The verifier implements an 11-step security chain:

  1. Timestamp freshness — reject stale requests (default: 5 min window)
  2. Signature recovery — derive agent address from ECDSA signature
  3. Agent key derivationzeroPad(address, 32) for on-chain lookup
  4. On-chain verificationisVerifiedAgent(agentKey) confirms human backing
  5. Provider check — ensures proof came from Self Protocol, not a third party
  6. Sybil resistance — limits agents per human (default: 1)
  7. Replay protection — reject duplicate (signature, timestamp) pairs
  8. Credential validation — verify ZK-attested credentials if configured
  9. Age verification — enforce minimum age from passport proof
  10. OFAC screening — verify agent passed sanctions screening
  11. Rate limiting — per-agent request throttling

Cross-Language Compatibility

This SDK is 100% compatible with the TypeScript SDK (@selfxyz/agent-sdk) and Python SDK (selfxyz-agent-sdk).
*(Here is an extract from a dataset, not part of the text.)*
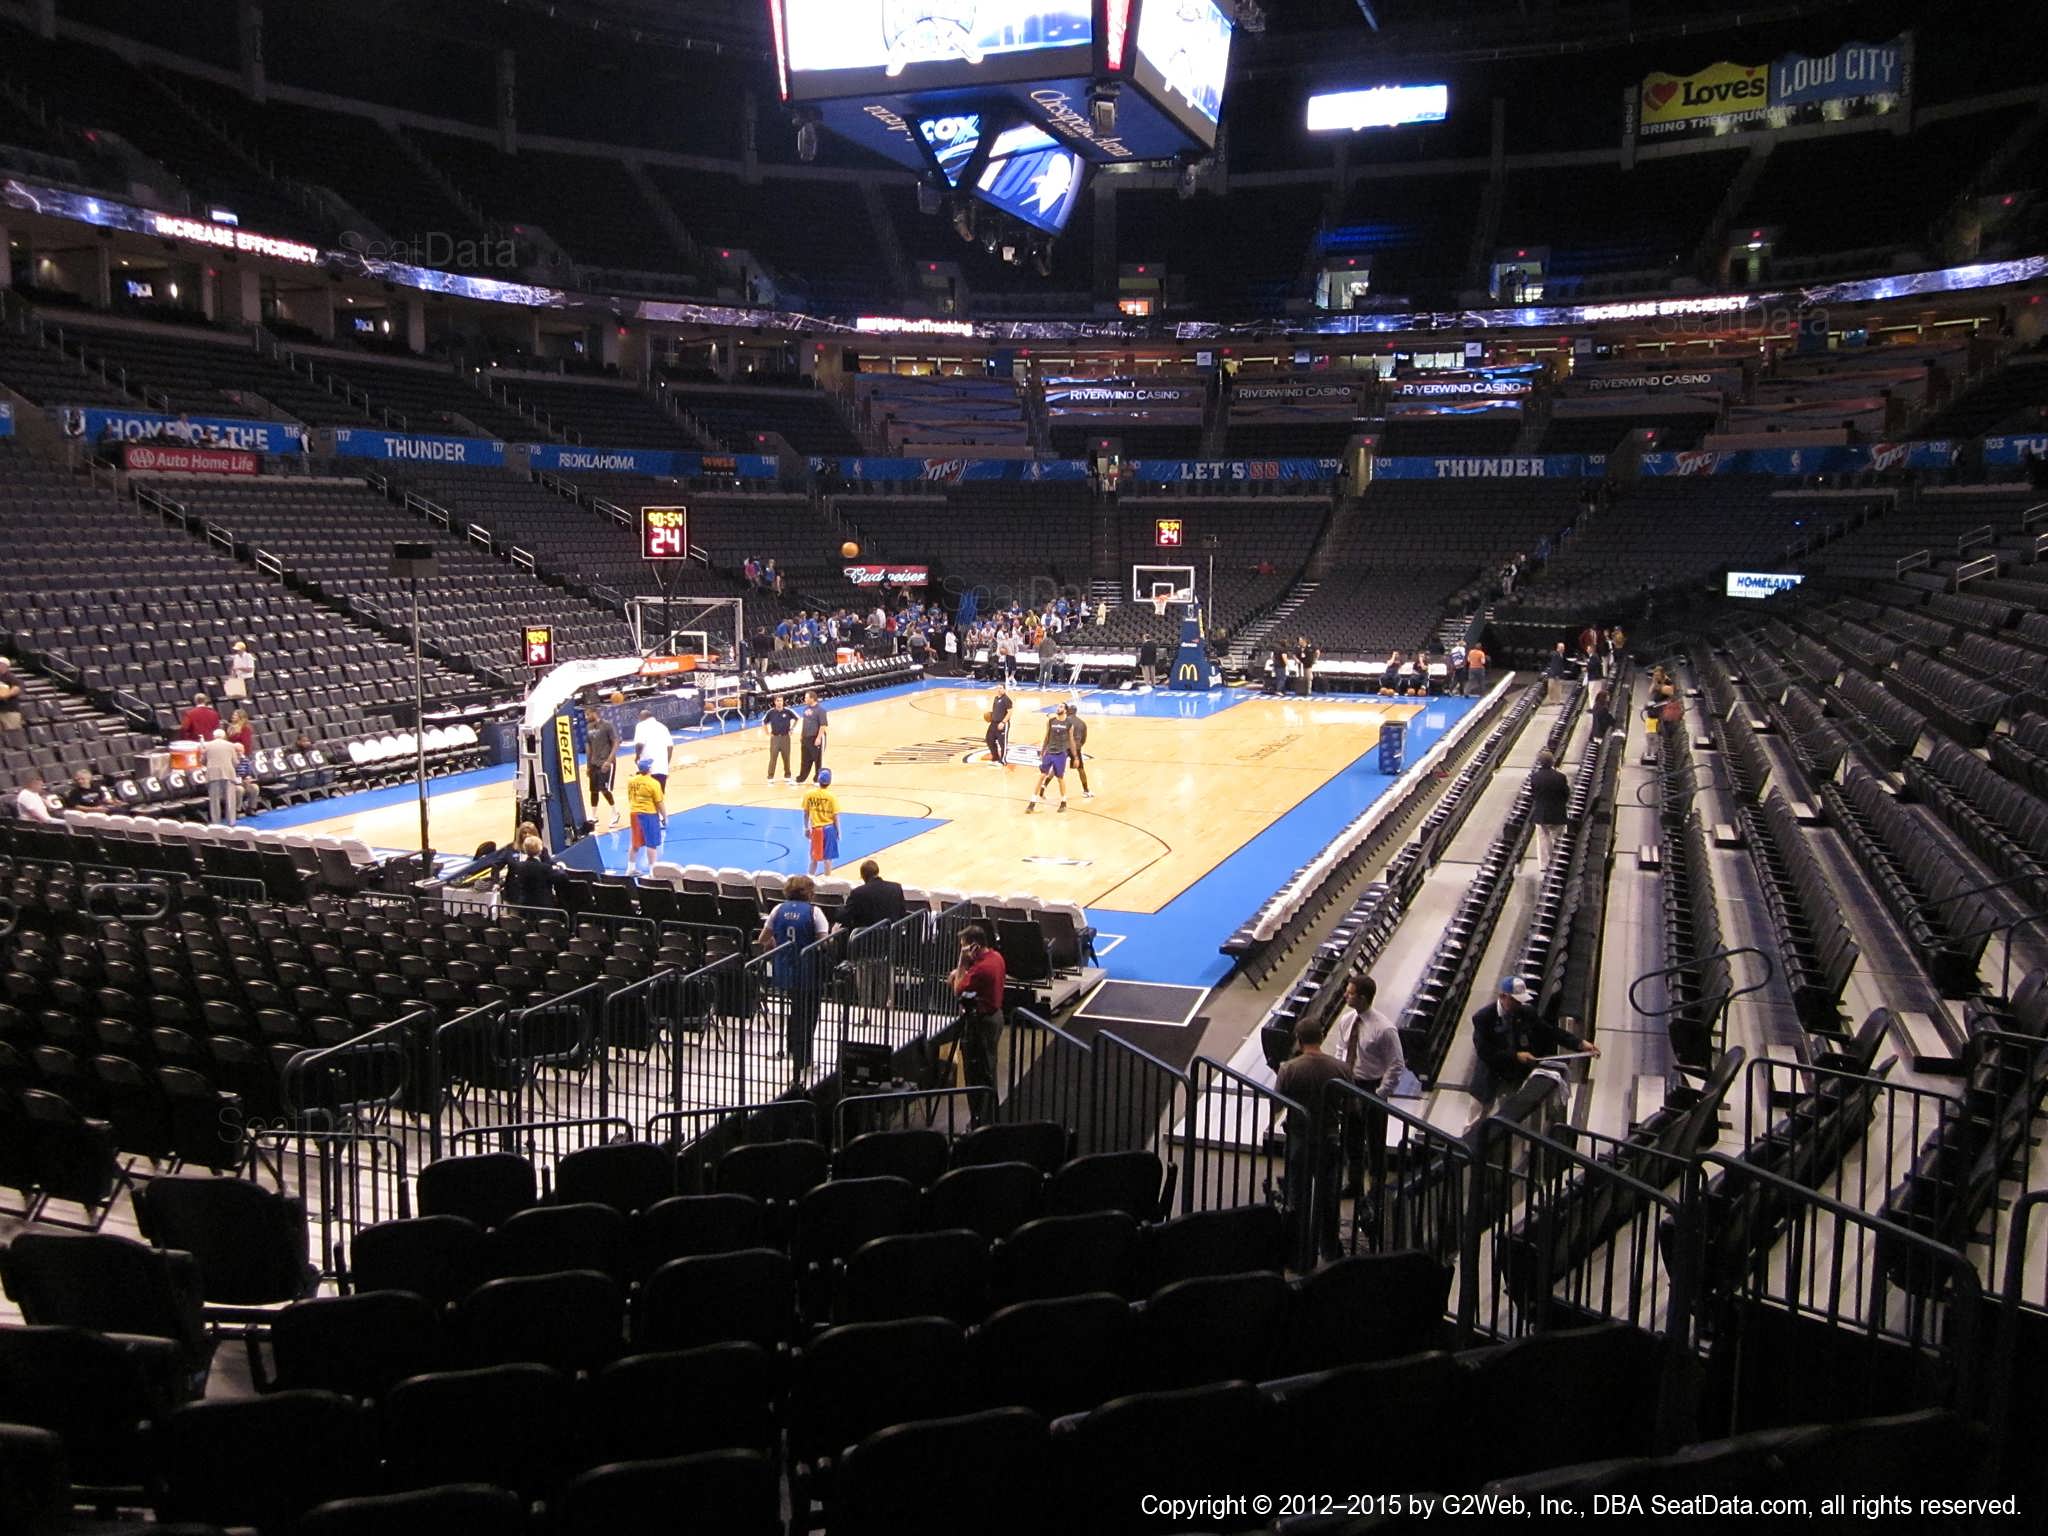 Seat view from section 109 at Chesapeake Energy Arena, home of the Oklahoma City Thunder
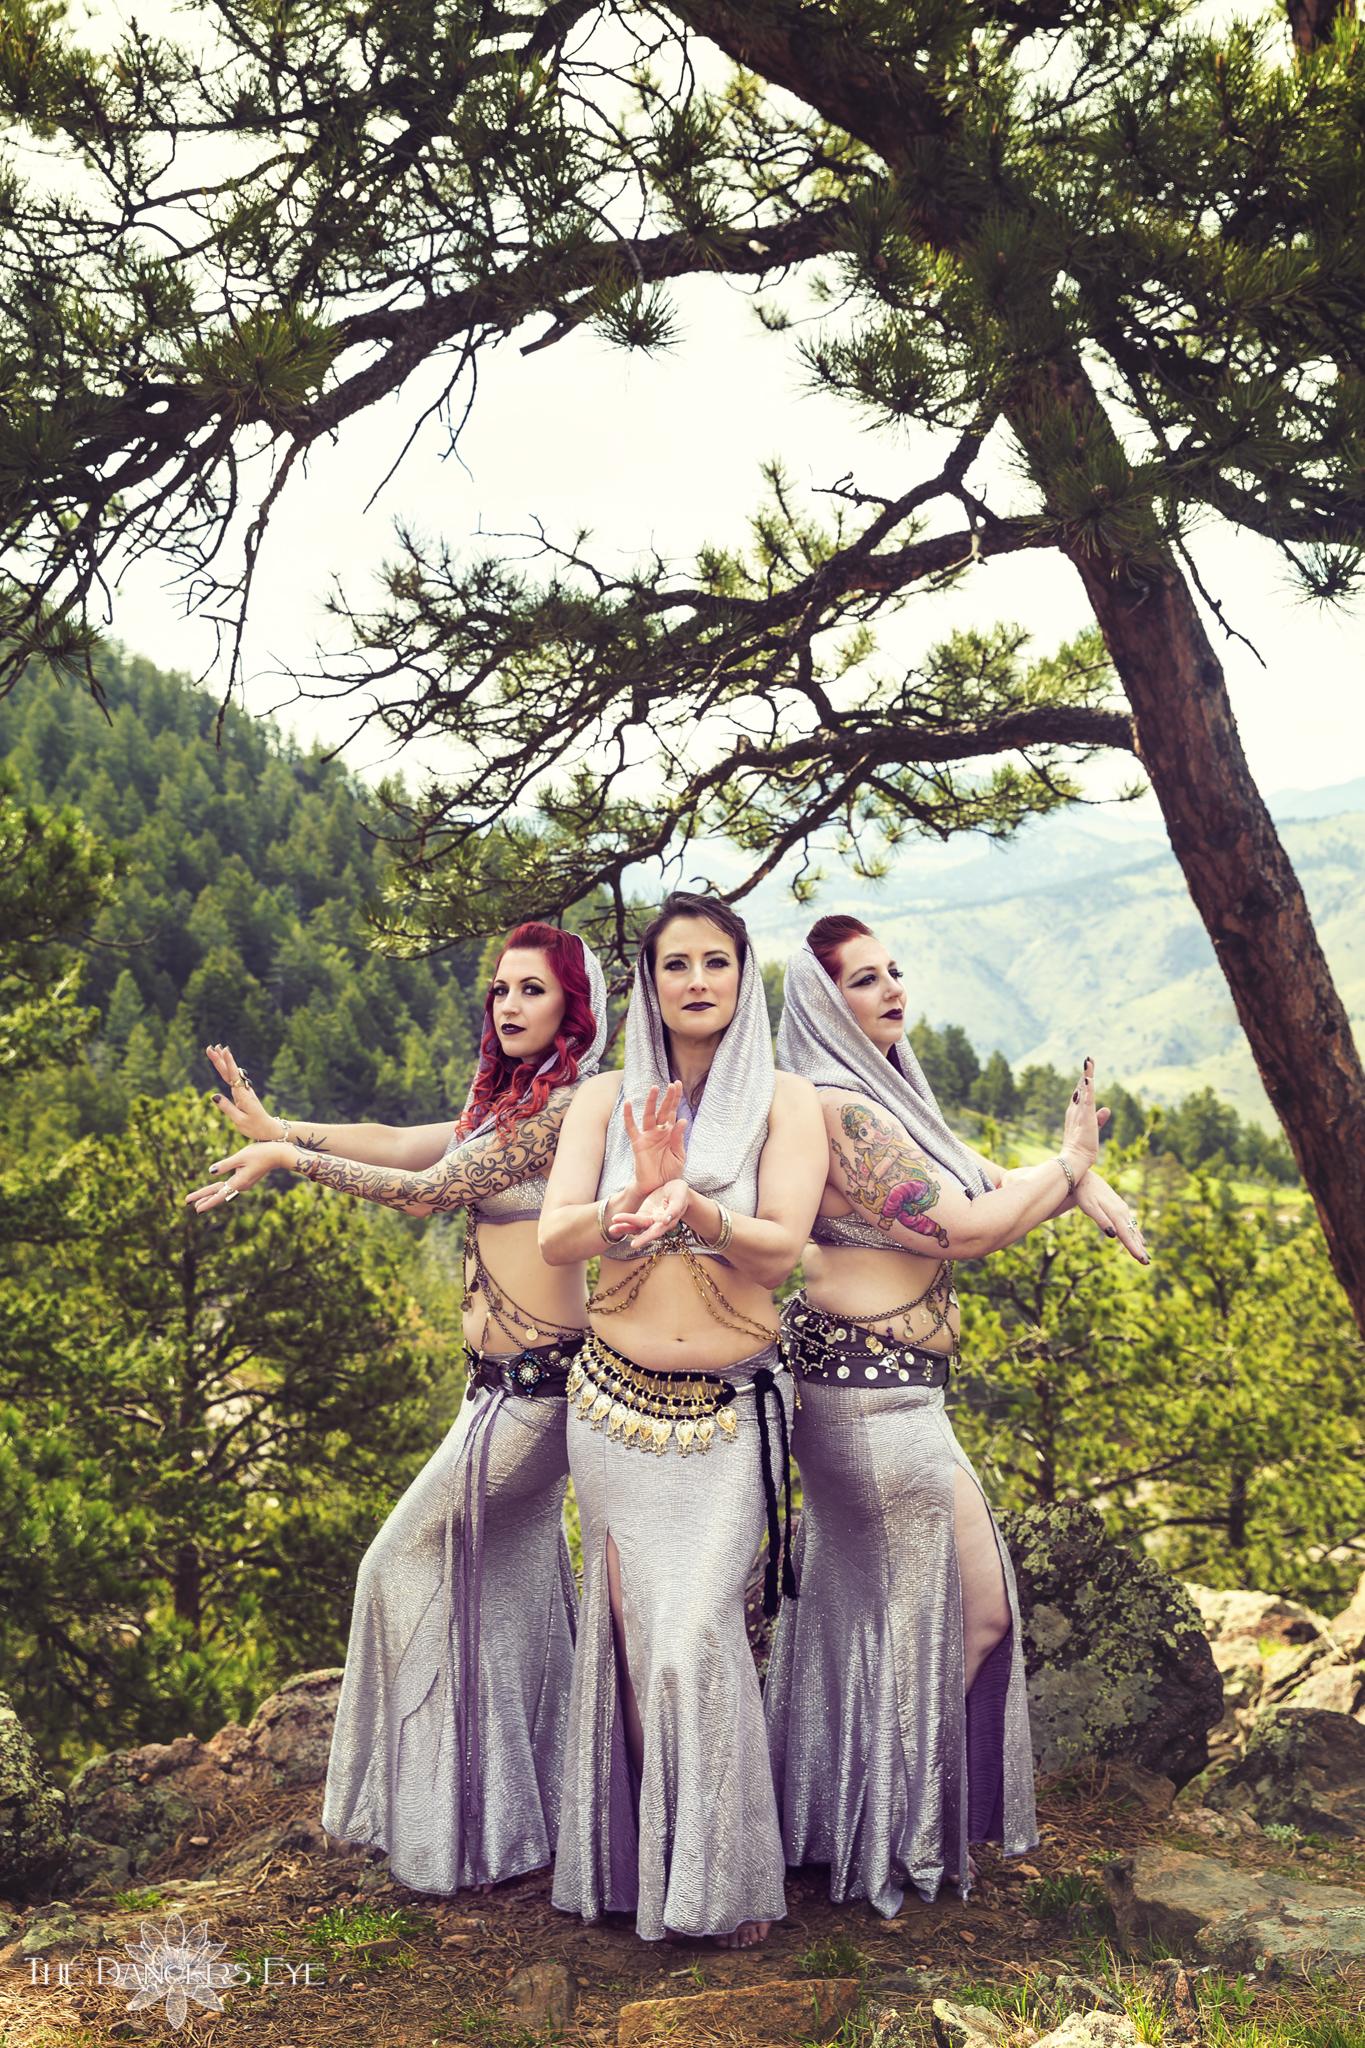 January/February Fundamentals of Tribal Improv Belly Dance 8 week session

All three produce byte-identical signatures and userDefinedData payloads for the same inputs.

Run Tests

cargo test

Integration tests (require network access, skipped by default):

cargo test -- --ignored

Networks

Network Registry Chain ID
Mainnet (Celo) 0xaC3DF9ABf80d0F5c020C06B04Cced27763355944 42220
Testnet (Celo Sepolia) 0x043DaCac8b0771DD5b444bCC88f2f8BBDBEdd379 11142220

License

Business Source License 1.1 (BUSL-1.1). See ../LICENSE.